今回で2回目となるアジアインターナショナルヘンプEXPOの捉え方はさまざまだ。日本の現状と比較すると会場は違法物だらけということになるし、日本と比べればだいぶ進んでいるということもいえる。会場内には煙は立っていないが、フレッシュな大麻で溢れ、漂う香りだけで厚労省の否定する「麻酔い」するほどだ。また、タイの大麻の現状を表すように、まだまだ発展途上で、そこにあるのは大麻産業向けの機器であり肥料であり、道具であり製品だった。他業種のEXPOなどでは見られる、先進ビジネスモデルの提示やより深い環境配慮、未来へのイノベーション提案、そして文化や思想への昇華や落とし込みといった成熟さはあまり見られなかったが、未成熟であるがゆえの情熱と活気、向上心に満ちたEXPOとなっていたように思う。今後どのような発展と進化、そして深化をしていくのか楽しみなEXPOのひとつだ。タイも合法化、合法化と騒ぐ日本の状況と同様にアクセルとブレーキの間でまだまだもがいている。たかが大麻、されど大麻の中で各国がどのようなバランスをとり、それぞれの個人がどのように動くのか、アクセルとブレーキの狭間で、そして表裏さまざまに動きはじめている。

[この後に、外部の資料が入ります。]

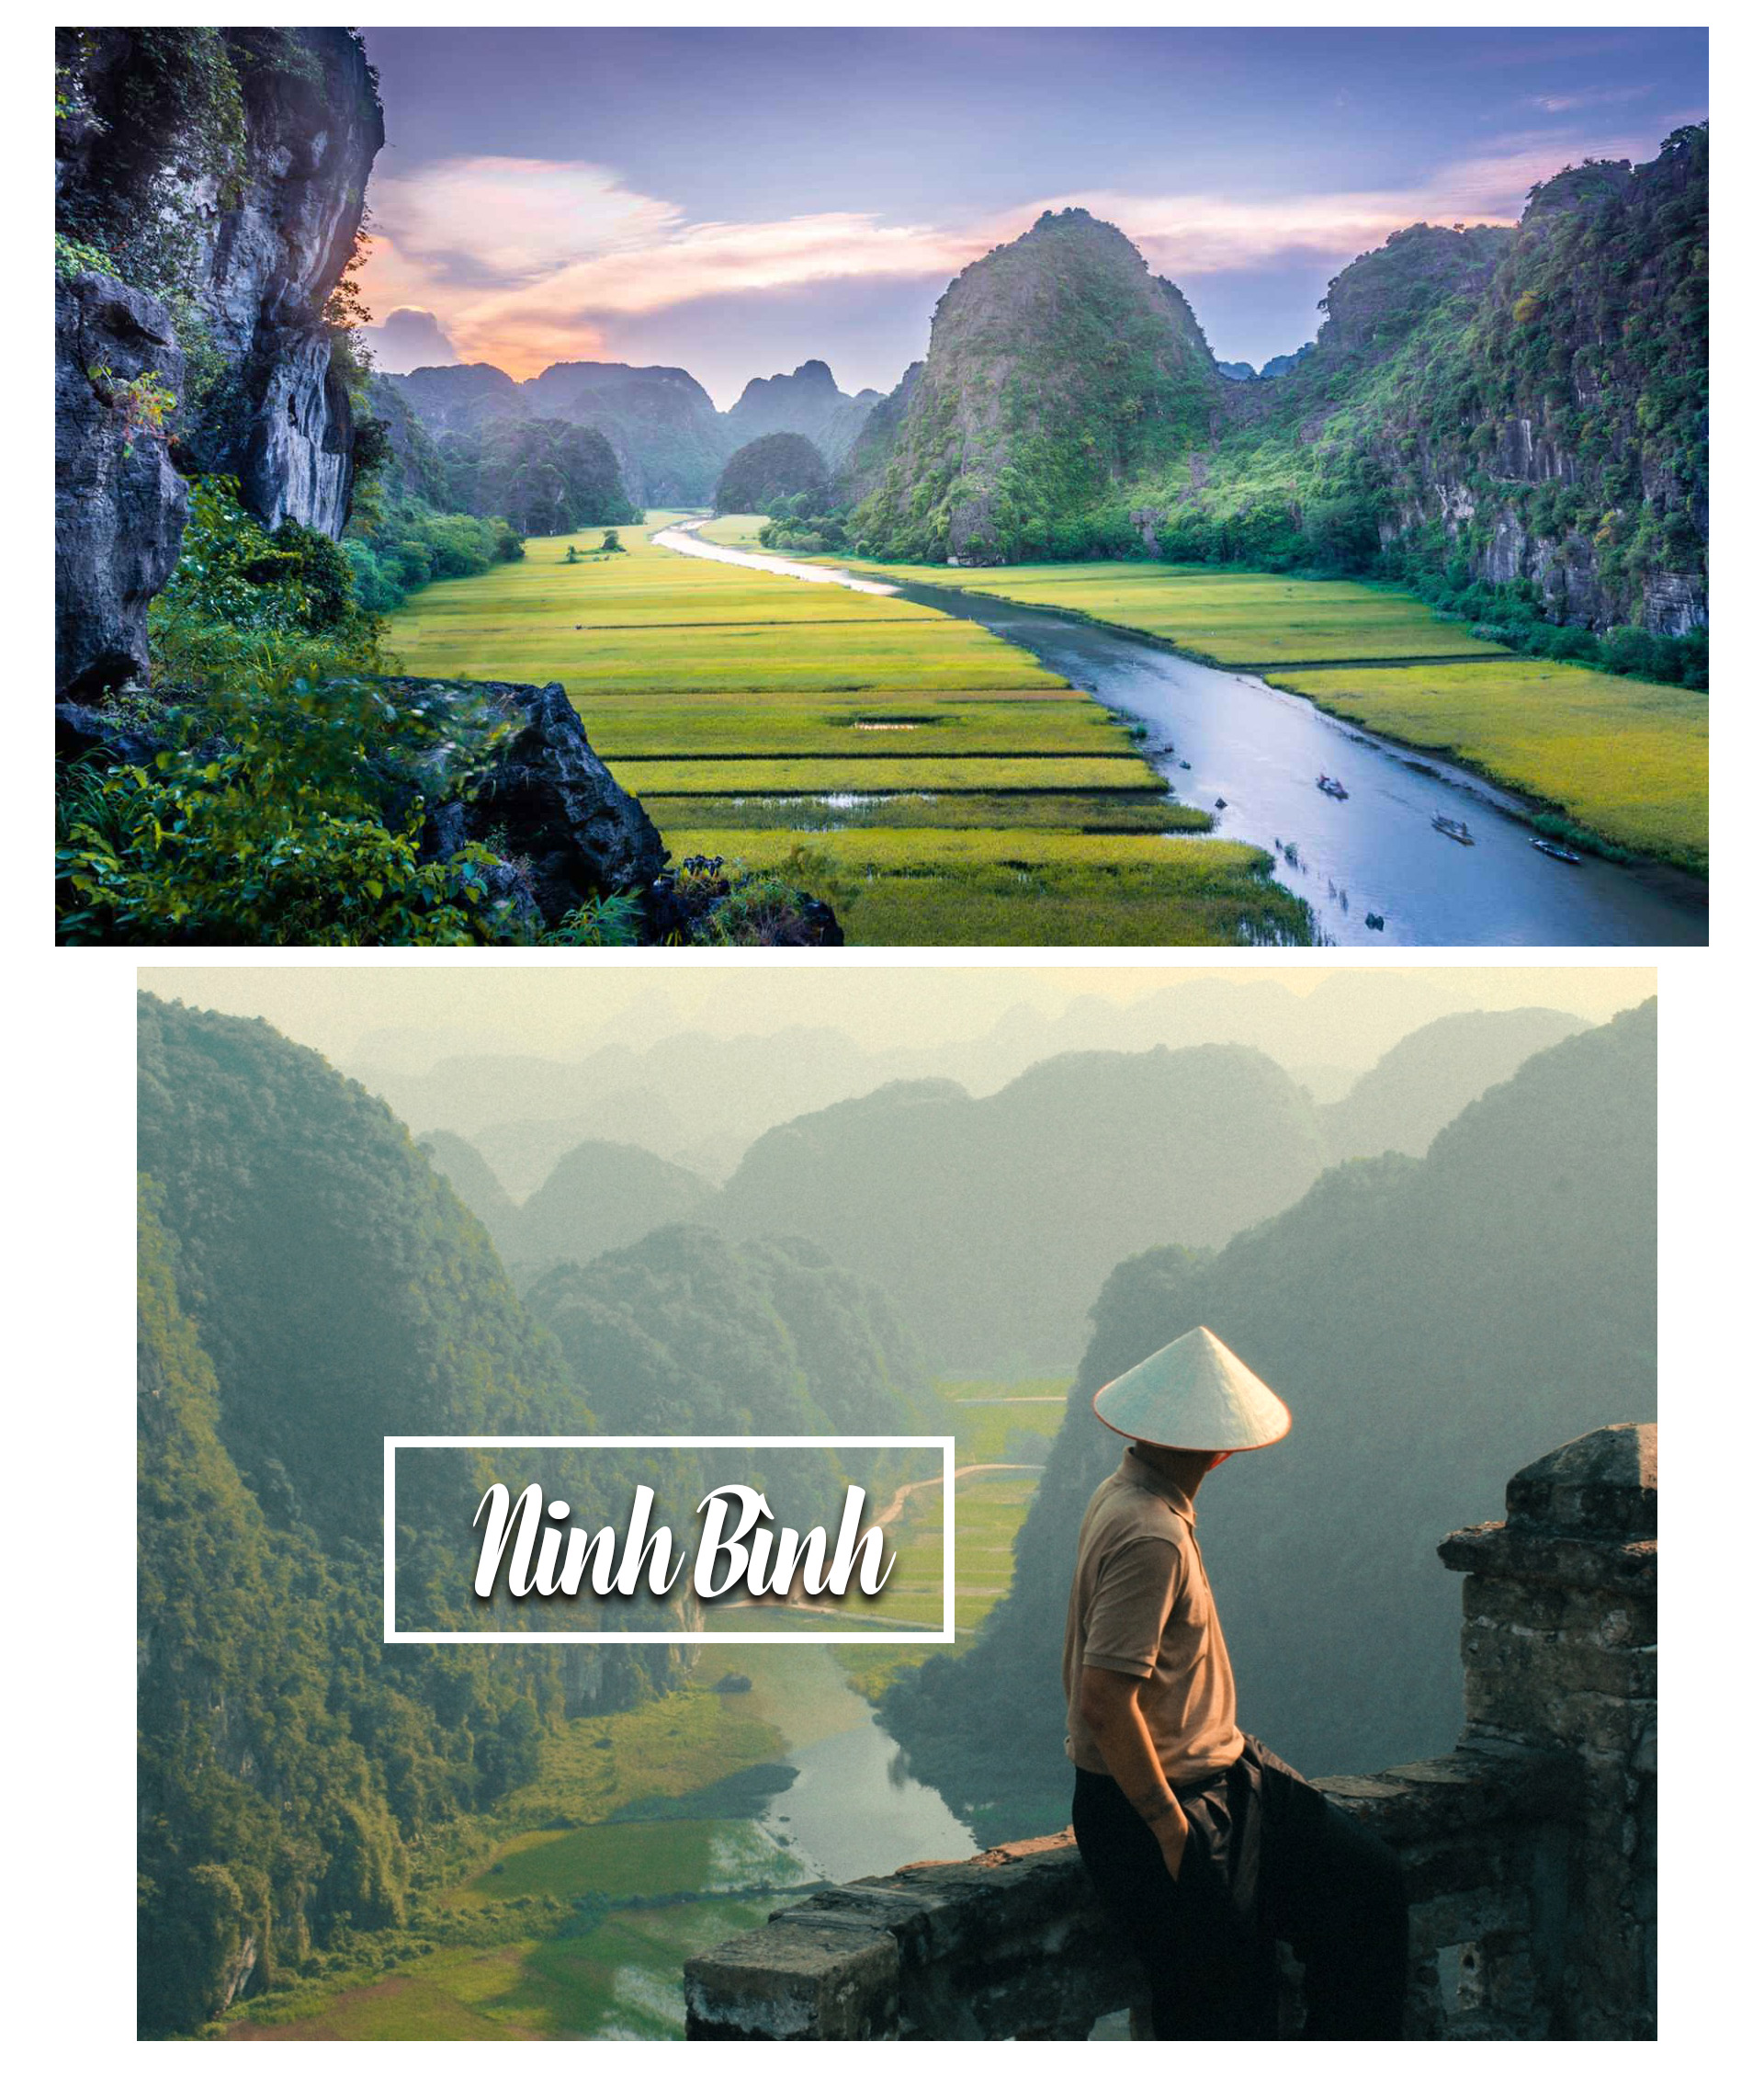 Những phong cảnh đẹp ở Việt Nam được du khách Tây yêu thích - 8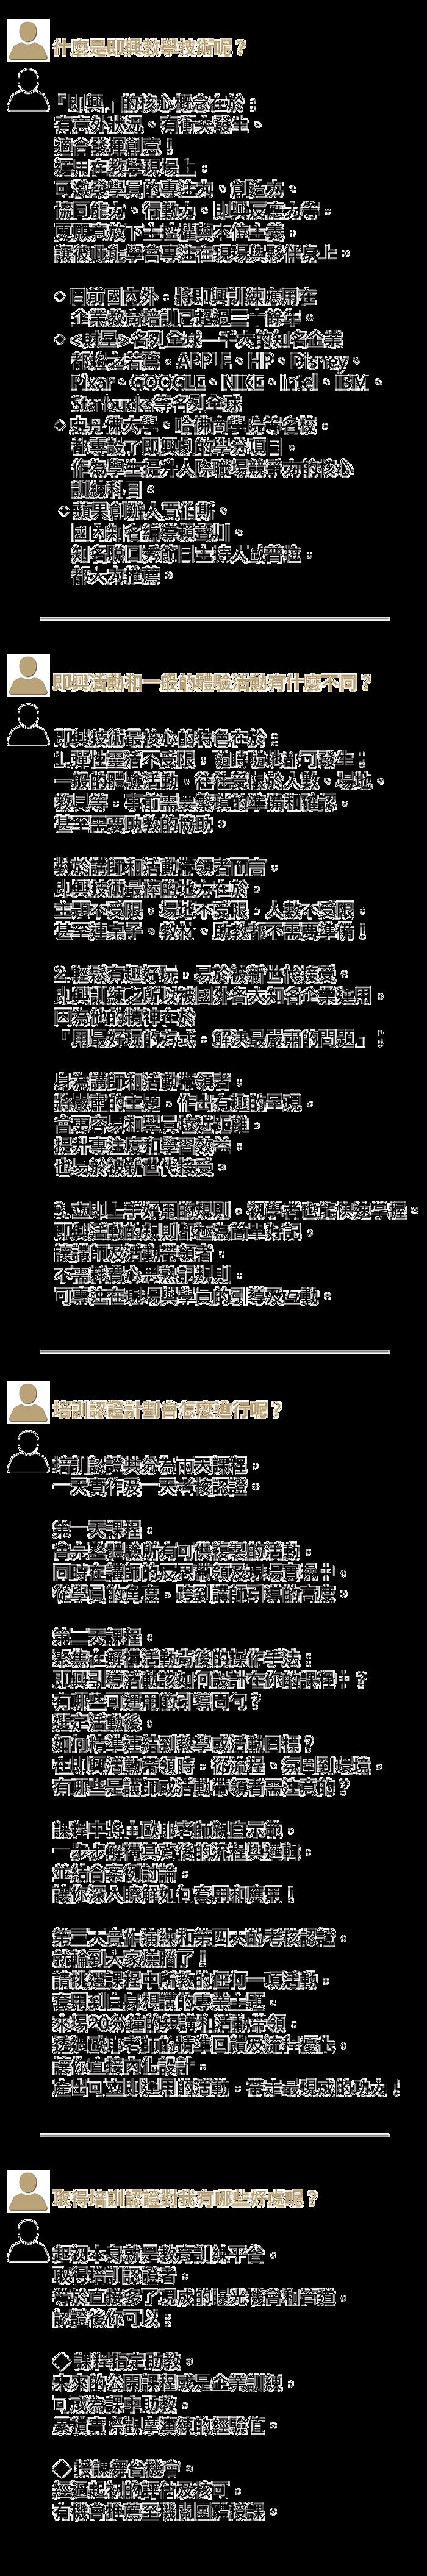 文案2_1.png

松浦 良樹〈Matsumura Yoshiki〉プロフィール
環境問題や自然エネルギー、伝統文化などをメインテリトリーとするライターとして様々な媒体に執筆。
NPO法人日本麻協会理事などを務め、2016年7月に理事・長岡 沼隆とともに国立京都国際会館で開催された「第1回 世界麻環境フォーラム」(別名「京都ヘンプフォーラム」)と呼ばれる「IHEF(International Hemp Environmental Forum)」の初イベントを開催した。このイベントには、世界中から麻の専門家や産業家の他、安倍昭恵総理夫人(当時)、京都市長、京都最古の神社である上賀茂神社宮司をはじめ、大麻に理解のあるメンバーが広く参加した。
また、蚊帳研究家として蚊帳の歴史や文化の研究に努めるとともに、ヘンプ100%の藍染の蚊帳やヘンプストロー、ヘンプフィルター、ヘンプなどの衣食に関わる大麻アイテムの開発に携わり、普及活動を続けている。
2019年ネパールで開催された「ASIA HEMP SUMMIT」において「大麻と蚊帳の博物館の創設」「日本の祈りに関連した大麻」に向けた企画で起業家賞を受賞。大麻の専門店「麻草屋」代表でもある。
また、タイ王国バンコクで開催された「アジア国際ヘンプエキスポ 2022 」では二大パビリオンのひとつ「golden hemp pavilion」の責任者を務めた。
2023年、青淵渋沢栄一翁顕彰会〈士魂商才〉賞を受賞。